如何在python中使用单个进程缩放psycopg2插入和选择? [英] How to scale psycopg2 insert and select with single process in python?

查看:56
本文介绍了如何在python中使用单个进程缩放psycopg2插入和选择?的处理方法,对大家解决问题具有一定的参考价值,需要的朋友们下面随着小编来一起学习吧!

问题描述

我的插入内容平均需要大约0.300095081329才能完成对postgres的提交.
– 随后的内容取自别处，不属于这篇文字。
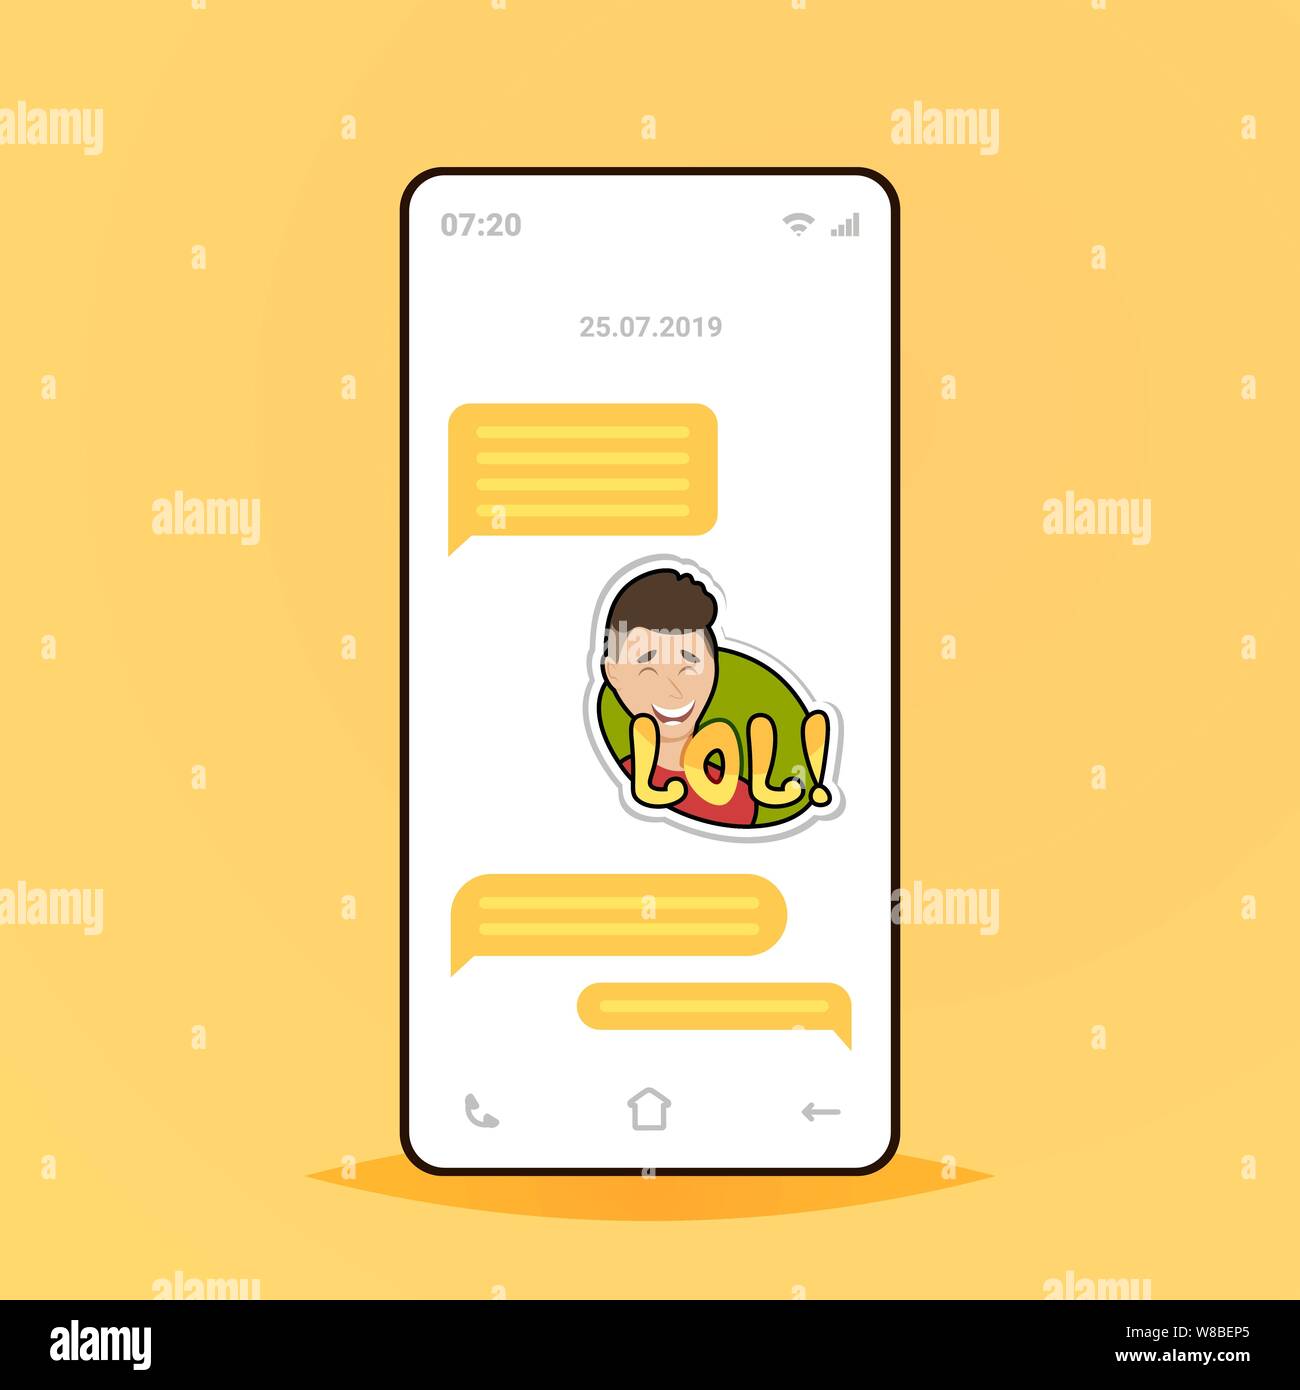 online conversation mobile chat app sending receiving messages with lol  sticker messenger application communication social media concept smartphone  sc Stock Vector Image & Art - Alamy

It takes average of about 0.300095081329 for my insert to go through to finish commit to postgres.

这是我的餐桌模式

id_table
    latest_update_id (primary index)
    product_id       (index)
    publish_date

product_meta_table
    latest_update_id    (index)
    product_id          (index)
    meta_related_info1
    meta_related_info2
    ...etc

product_table
    latest_update_id    (index)
    product_id          (index)
    note_related_info1
    note_related_info2
    ....etc

这是我的一些插入

db_cursor.execute("INSERT INTO id_table (product_id, publish_date)  \
             VALUES (%s, %s) RETURNING latest_update_id",
    (my_dict["product_id"], my_dict["publish_date"])
)

 db_cursor.execute("INSERT INTO product_table ( \
                   latest_update_id, \
                   product_id, \
                   note_related_info1, \
                   note_related_info2, \
                   ...etc)  \
             VALUES (%s, %s, %s, %s) RETURNING *",
    (my_dict["latest_update_id"], 
     my_dict["product_id"],
     my_dict["note_related_info1"],
     my_dict["note_related_info2"])
)       

使用插入时间,我的吞吐量约为1/0.3 = 3qps

Using the insert time my throughput is about 1/0.3 = 3qps

我知道我可以通过添加更多实例来水平扩展,但是我想尝试看看是否至少可以达到3000qps.

I know I can scale this horizontally by adding more instances but I want to try to see if I can hit at least 3000qps.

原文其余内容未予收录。